At Great Ormond Street’s new Sight & Sound Centre, we brought together illustrations, wayfinding, branding, and multi-sensory interactive artwork – helping patients with hearing and sight impairments to play their way to appointments.
This project celebrates and supports its diverse community through use of accessible multisensory design and a gender-neutral gang.
We designed an interactive doll’s house to greet families at in the main waiting area. Children can “meet” an illustrated gang of clinicians and patients in friendly animated scenarios, interacting with the various windows in the house.
At the press of a button, a window lights up with audio, offering words of reassurance (for example, “I used to be scared of eye drops but they’re not too bad!”). All 27 windows feature recordings of real patients we interviewed on Zoom during the 2020 lockdown period.
The doll’s house makes the building a size children can explore, and investigate independently. As they listen to real clinicians and former patients, children grow more confident and get a sense of what happens in different parts of the hospital.

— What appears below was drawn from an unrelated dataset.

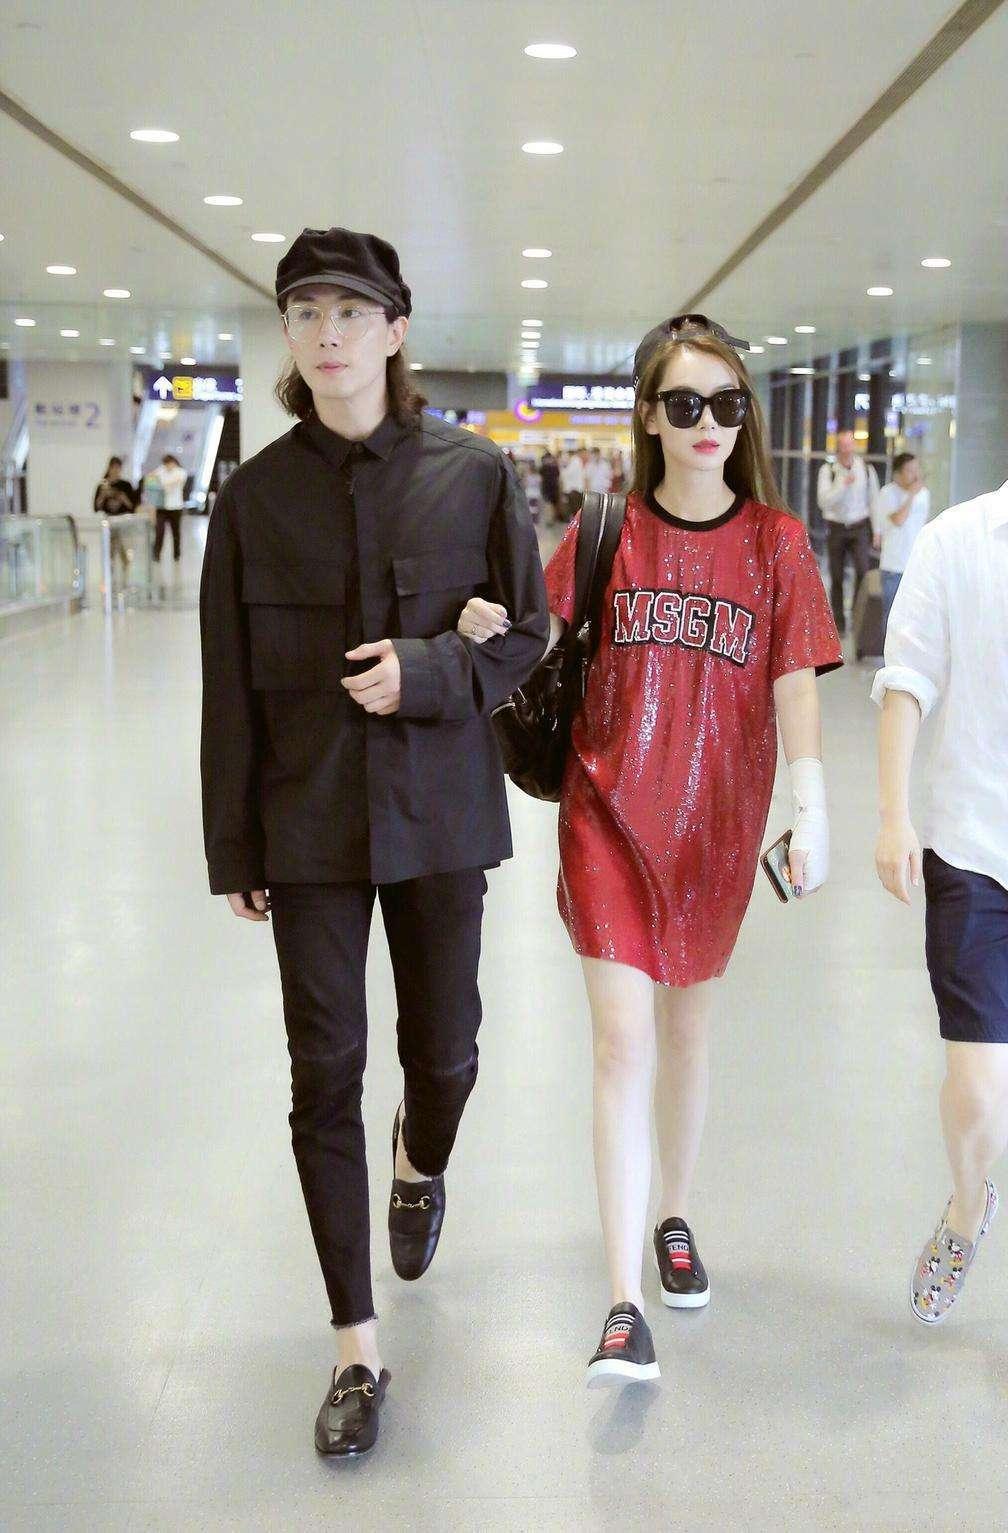 原创 戚薇李承铉现身四川,未修图的脸浮肿很显龄,跟机场差距大!
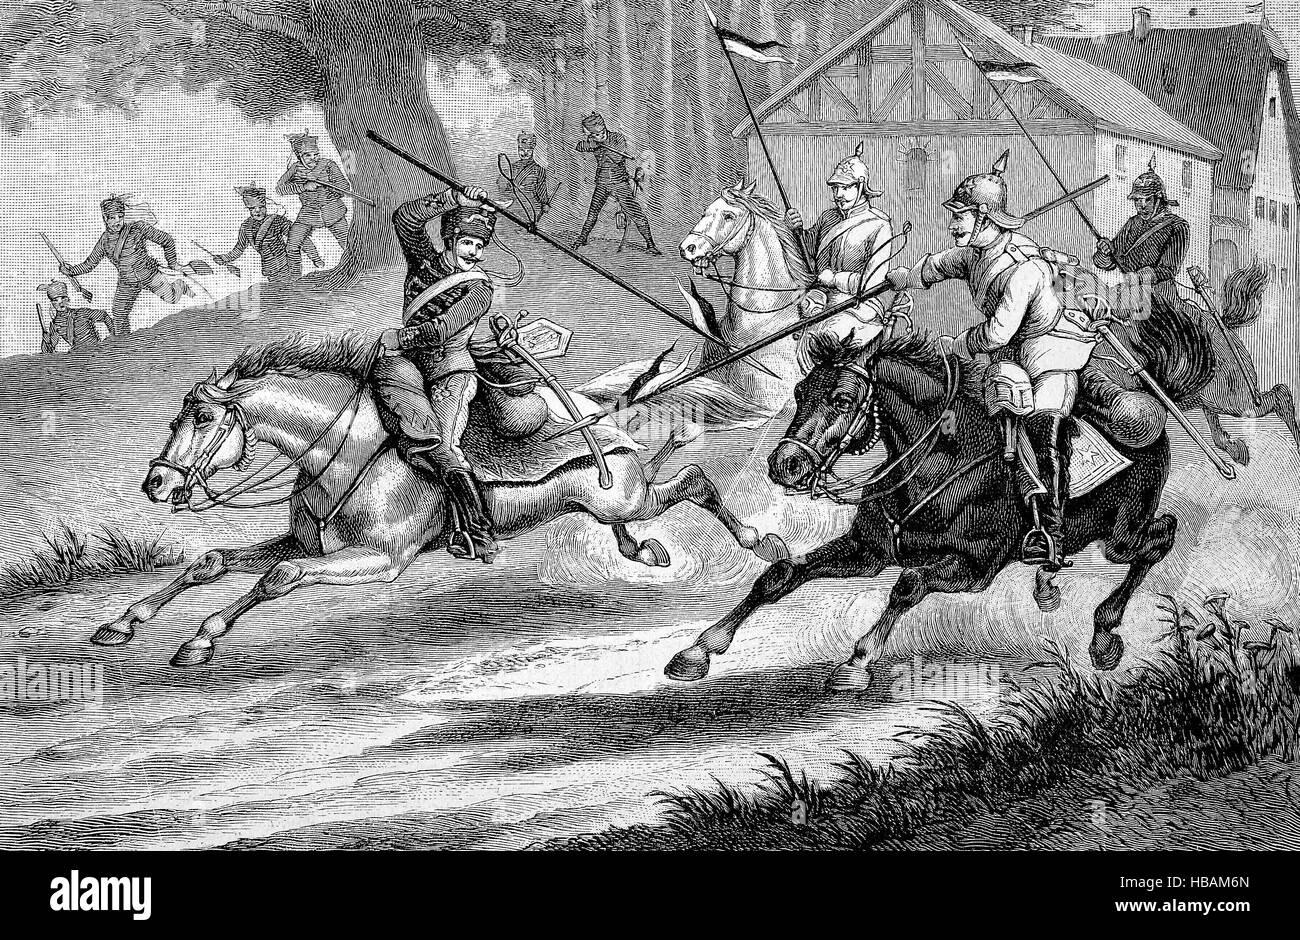 Lanze bewaffnet preußischen Husaren und Kürassiere, historische Illustration von 1880 Stockbild

The funny voices and bright colours make the hospital seem less scary than it did on the way in.
The characters re-appear on the journey from the waiting room to their treatment, pointing the way and reminding children that they are welcome and important.
The characters embrace gender neutrality, and a range of ages and abilities, along with cochlear implants, glasses, various skin tones, and varying heights.
We worked with the GOSH communications team to extend this friendly welcome to create over 1000 pop-up welcome cards to announce the building’s opening. These were sent out to every current patient, along with branded appointment letters, introducing the gang and doll’s house concept before their visit.
The Centre’s patients will frequently return over their entire childhood, so creating a warm, inviting first impression is important, and we hope it will help prevent children developing hospital phobias.